Она сказала, что шокирована моей первой реакцией на этот великий эпос, ее циничностью и тем, что я остался совершенно глух к трагической истории, которую мы только что пережили.
— Ну уж, пережили, — сказал я. — Мы посмотрели безумно дорогостоящий фильм о троллях. Зрелище впечатляет. И я рад, что ознакомился с фильмом, раз для тебя он так много значит.
Она заявила, что не может принять такой ответ и что пропасть между нами оказалась ровно такой огромной, как она и боялась, или, если только это возможно, даже больше.
— Что ты хочешь, чтобы я сказал? — спросил я.
— Мы посмотрели сказание о добре и зле, — ответила моя дочь. — Неужели ты совсем ничего не чувствуешь?
— Нет, ну что ты. Зрелище впечатляет, как я уже сказал. И я понял, что кольцо несет опасность, и многие охотятся за ним, и фильм добротно сделан, этот, как его, прозрачный, который жрет рыбу..
— Голлум, — сказала она.
— Вот, Голлум, — ответил я. — Он сделан просто мастерски. Не знаю, как им это удалось, но здорово. Сцена боя величественна, ну и вообще.
— Папа, ты знаешь, в чем твоя проблема? — спросила она.
Я помотал головой.
— Ты не любишь людей, — сказала она. — Они тебе не нравятся. Поэтому и я тебя не люблю.
Встала и ушла.
Порвала со мной, как будто я ей друг амурный. В этом был даже свой стиль. На миг я ощутил отцовскую гордость. Вон идет моя дочь, думал я, она не пропадет. После чего я заказал себе пива и занес происшествие в папку «Нерациональное поведение», решив, что через пару дней дочь станет самой собой. И она стала, более или менее.
Но, лежа среди вереска, мучаясь болью в бедре и жмурясь на солнце, я понял, что моя дочь сказала чистую правду.
Я не люблю людей.
Мне не нравится то, что они делают. И сами они не нравятся. И что они говорят, не нравится тоже.
Дочь нашла мою ахиллесову пяту. Она озвучила факт, в который я не желал верить, но напрягал все силы, чтоб только удержаться от поступков, неизбежно из него вытекающих. Последние годы я все больше и больше отдалялся от окружающих. Я не вкладывал душу в работу, да и в семью, в общем, тоже не вкладывал. Моя жена несколько раз высказывалась по этому поводу. Она считала, что это с ней что-то не в порядке, и за неимением более подходящего объяснения я ее не разуверял. Кто ж добровольно признается, что это с ним что-то не так? По крайней мере доколе находятся желающие переложить вину на себя. Почти постоянно я пребывал в остраненном состоянии, я замечал, что вокруг происходят какие-то события, но совершенно не улавливал связи между ними и мной. А дочь моя, в костюме эльфа, нашла нарыв и вскрыла его.

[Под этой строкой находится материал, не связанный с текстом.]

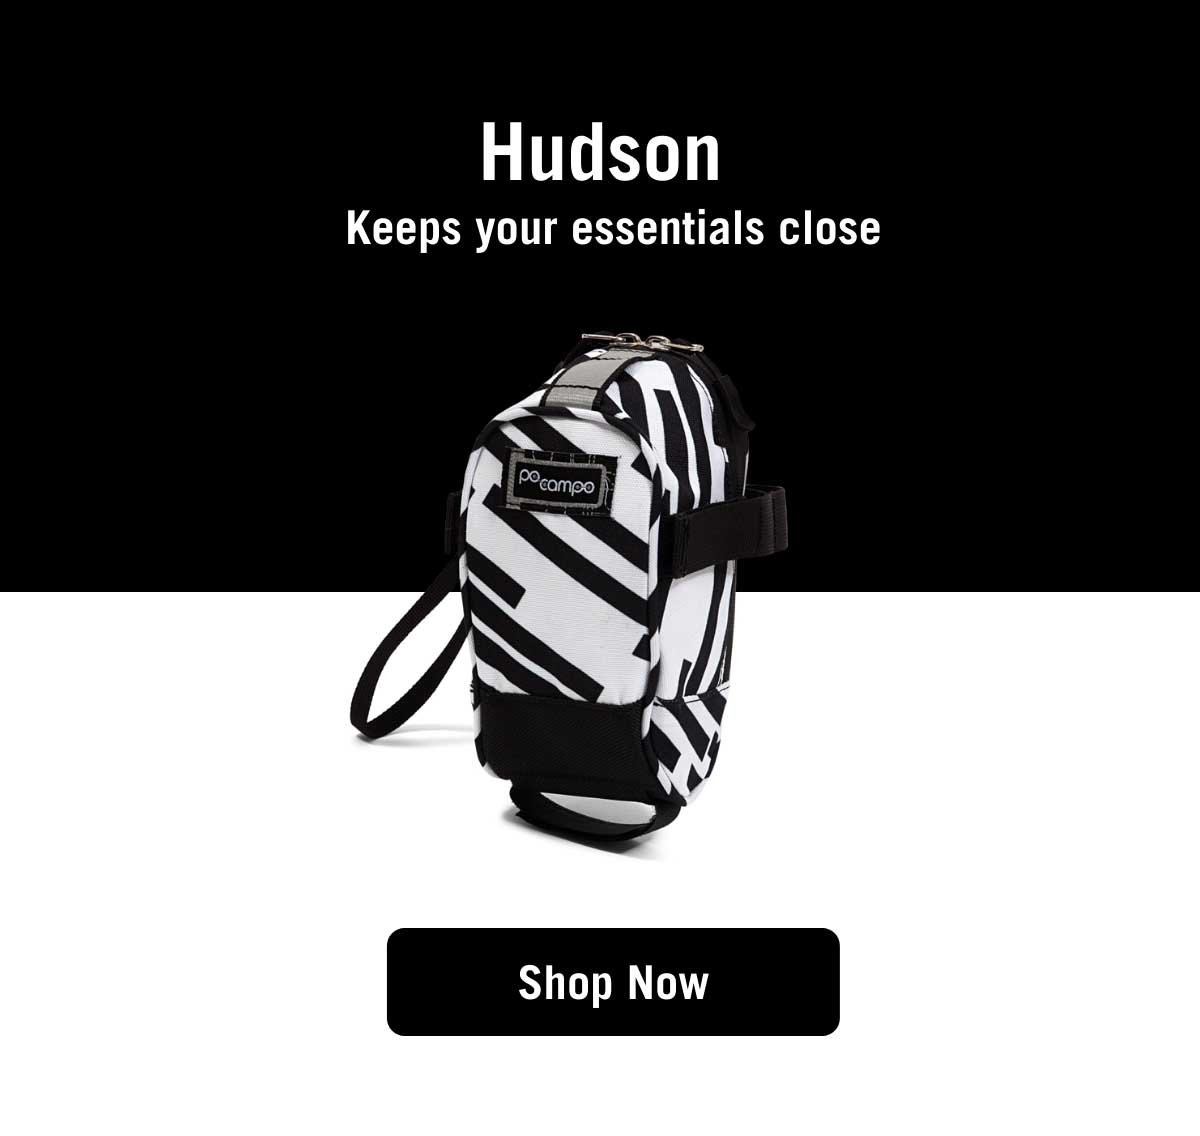 Hudson. Keeps your essentials close.

Тем вечером я долго провалялся в лесу. Пару раз меня вырвало; когда я через какое-то время проголодался, то попытался сшибить белку велосипедным насосом, но промахнулся. Потом позвонила моя жена узнать, куда я подевался. Я упал с велосипеда, ответил я и попробовал подняться. Мне это кое-как удалось. Скоро буду, сказал я и захромал в сторону дома, опираясь на велосипед. Я здорово ободрался, посадил синяк размером, ну, скажем, со шницель по-венски, цвета багрово-желтого, кроме того, у меня, видимо, сотрясение мозга. Моя жена в ответ досадливо чертыхнулась, а я сказал, что это не с ней, а со мной что-то не в порядке. Вот как, сказала она. А что не в порядке? Еще рано говорить, ответил я. Но я думал об этом, пока лежал. Вот и отлично, сказала она.
Следующие дни я не ходил на работу и сидел дома. Врач выдал мне бюллетень и прописал неделю-другую полного покоя.

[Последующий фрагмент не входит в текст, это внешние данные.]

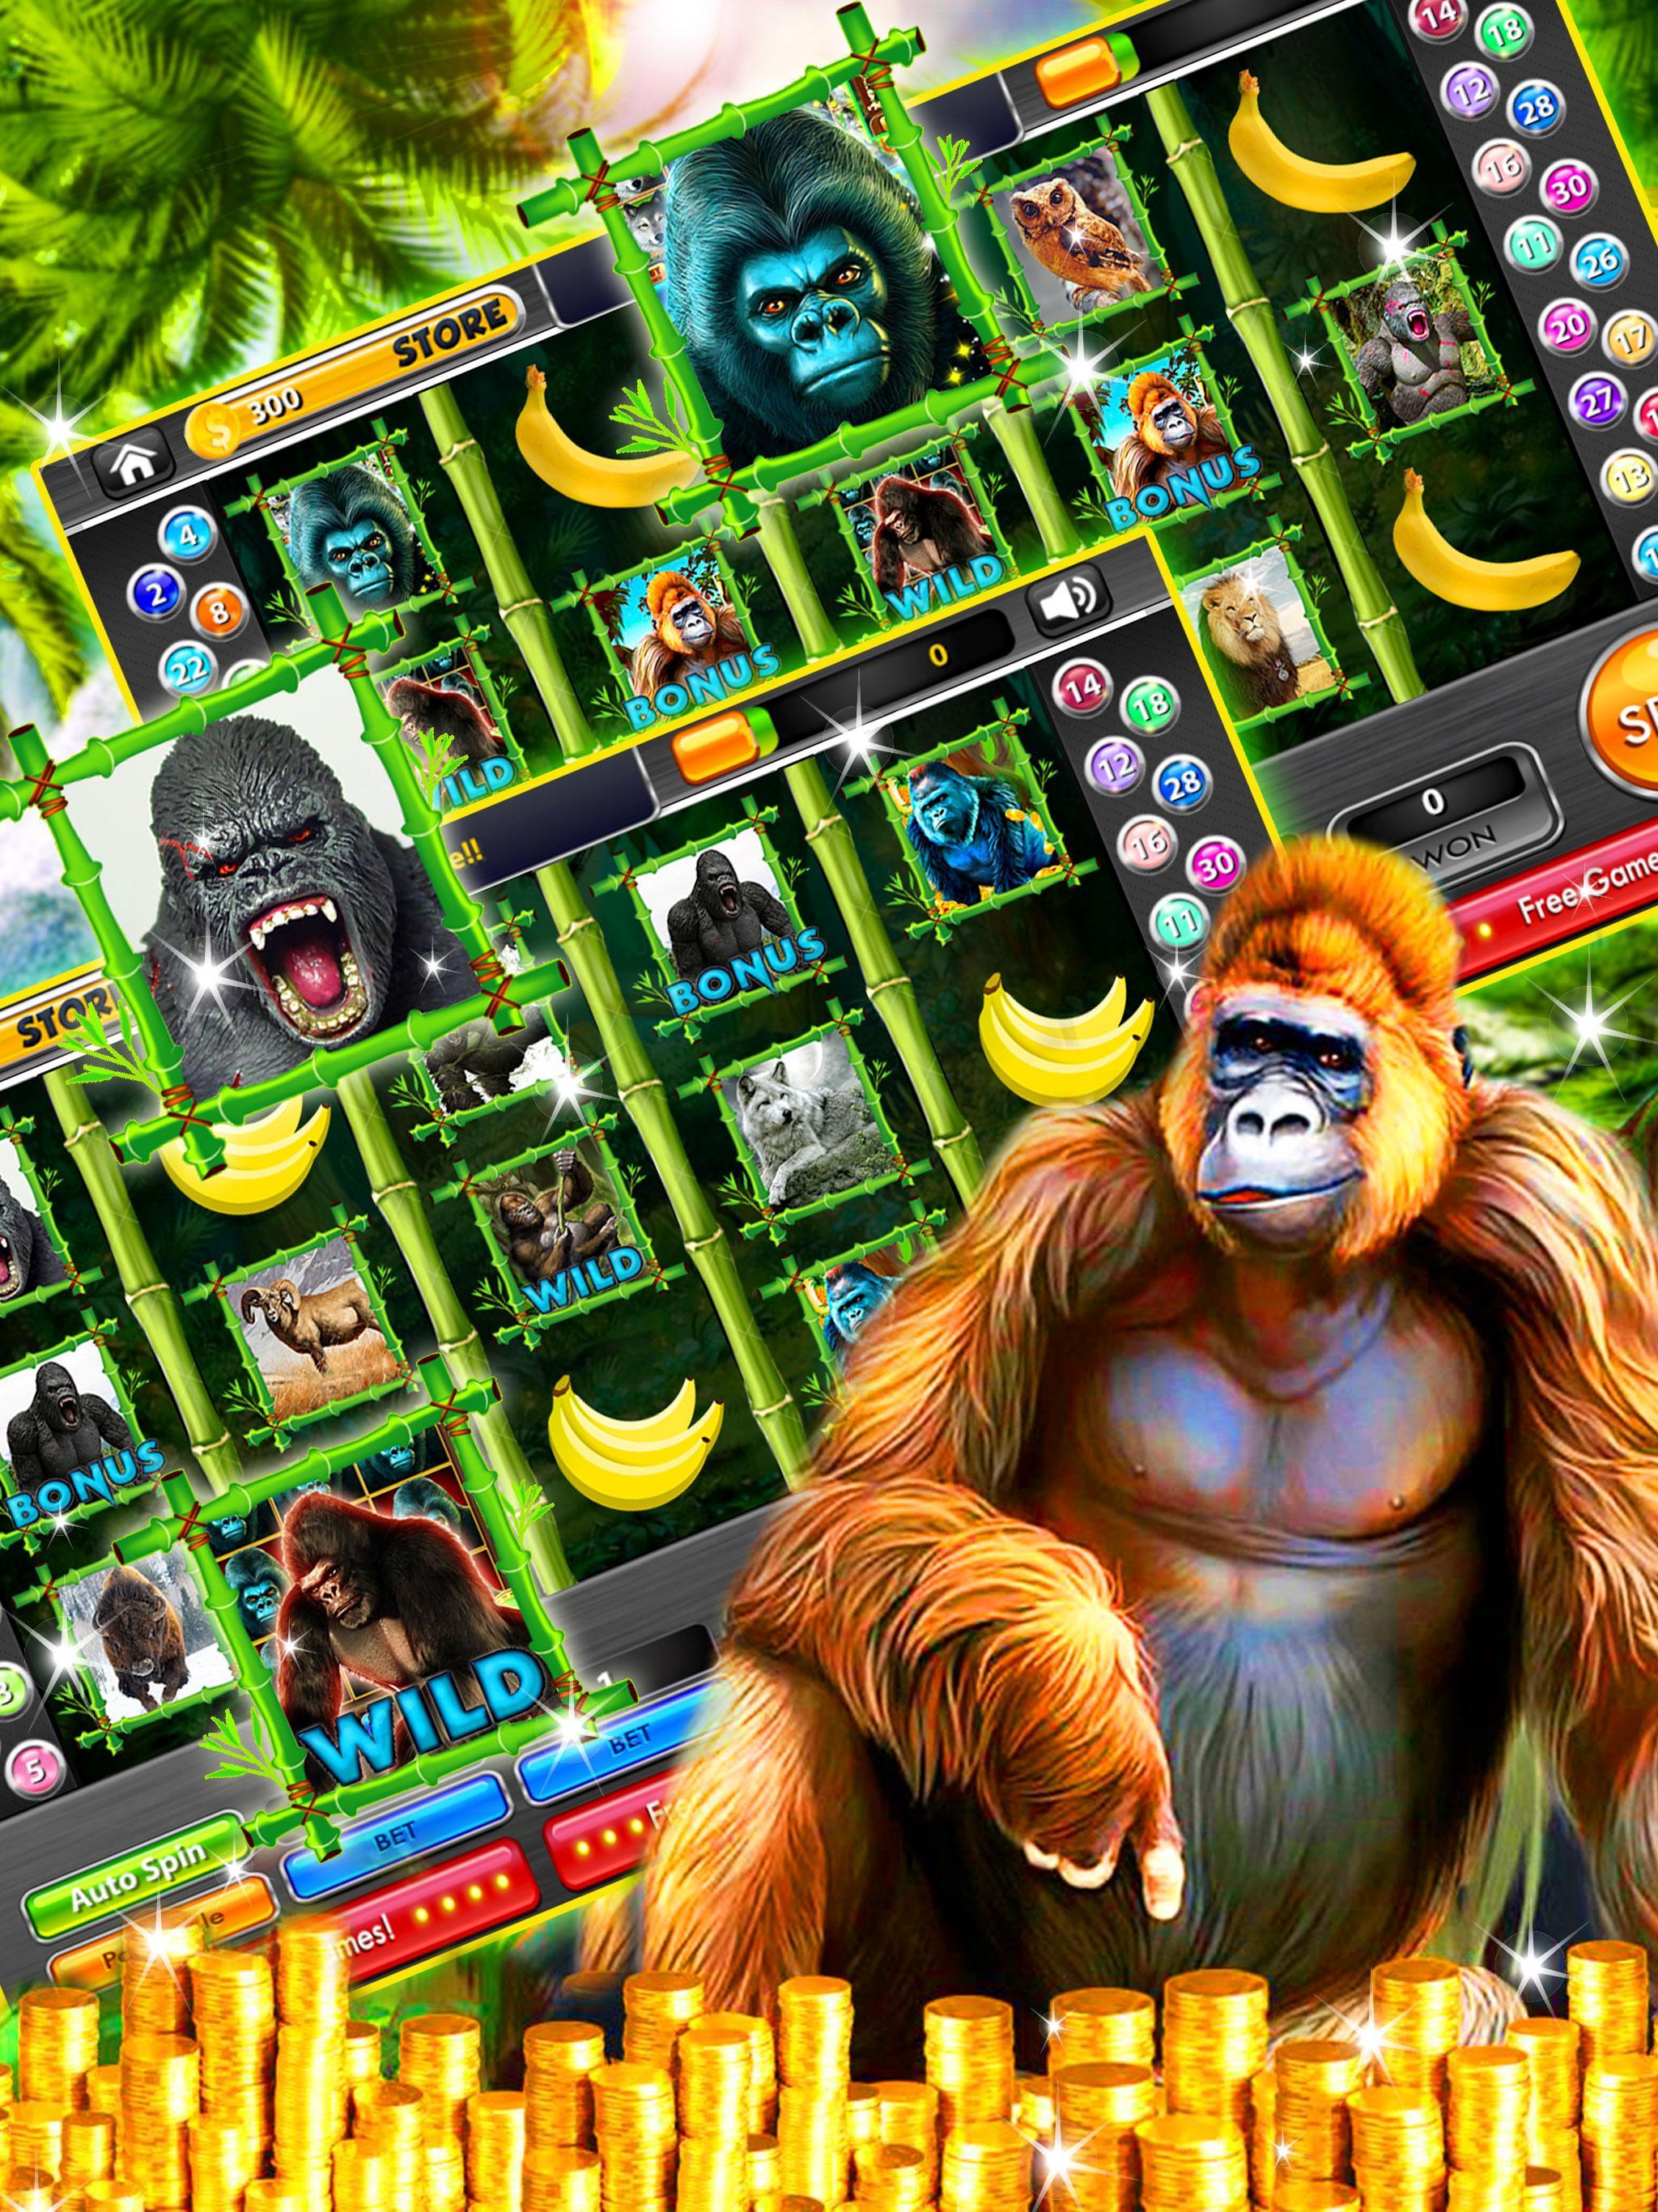 Garilla casino bonus garilla vad1. Игровой автомат горилла. Горилла в джунглях. Слот с гориллой. Игровой автомат Monkey Jungle.

Моя дочь продолжала раз за разом смотреть «Властелина колец», но ясно дала понять, что сарказм с моей стороны не допускается, а мой сын, Грегус (Господи, один ты знаешь, как я мог согласиться на такое имя), гонял свои доводящие до исступления мультики всякую минуту, когда не был в детском саду. Благословенны пребудут детские сады во веки веков.
Как-то незадолго до выписки с больничного я взялся разбирать стопку фотографий и бумаг, отданных мне мамой после смерти отца. Это были квитанции, записи и масса фотографий, представьте себе, туалетов. Я позвонил маме, и она объяснила, что отец скрупулезно сфотографировал все туалеты, которыми воспользовался за последние годы жизни. Не говоря зачем. Фотографировал и помалкивал. Результатом чего стали сотни снимков туалетов вкупе с деревьями, камнями и прочими объектами, около которых можно справить нужду, если находишься на природе. Так я с ходу выяснил, что знал отца еще меньше, чем думал, но мне понравились и снимки и сам ход его мысли. Мой отец — фотограф туалетов. Под впечатлением от этой новости, или поддавшись настроению, вызванному этим открытием, или вследствие чего-то с чем-то хоть как-то (хотелось бы надеяться) связанного, я сложил рюкзак и, повинуясь порыву, казавшемуся и поныне кажущемуся мне случайным, ушел в лес. На кухонном столе я оставил записку, где коротко и ясно сообщал, что иду в лес, когда вернусь, не знаю, но к обеду меня ждать точно не стоит. С тех пор прошло примерно полгода, и жену свою за это время я видел считанные разы. Дважды она приходила ко мне сюда, чтобы получить с меня секс и обещание возвратиться домой, и хотя я оба раза соглашался вернуться, но сам и поныне здесь. Я говорю, что приду назад, но не прихожу. Некоторым образом мои обещания как бы напоминают ложь, но что поделаешь: жизнь — моя, а мне надо еще какое-то время побыть в лесу.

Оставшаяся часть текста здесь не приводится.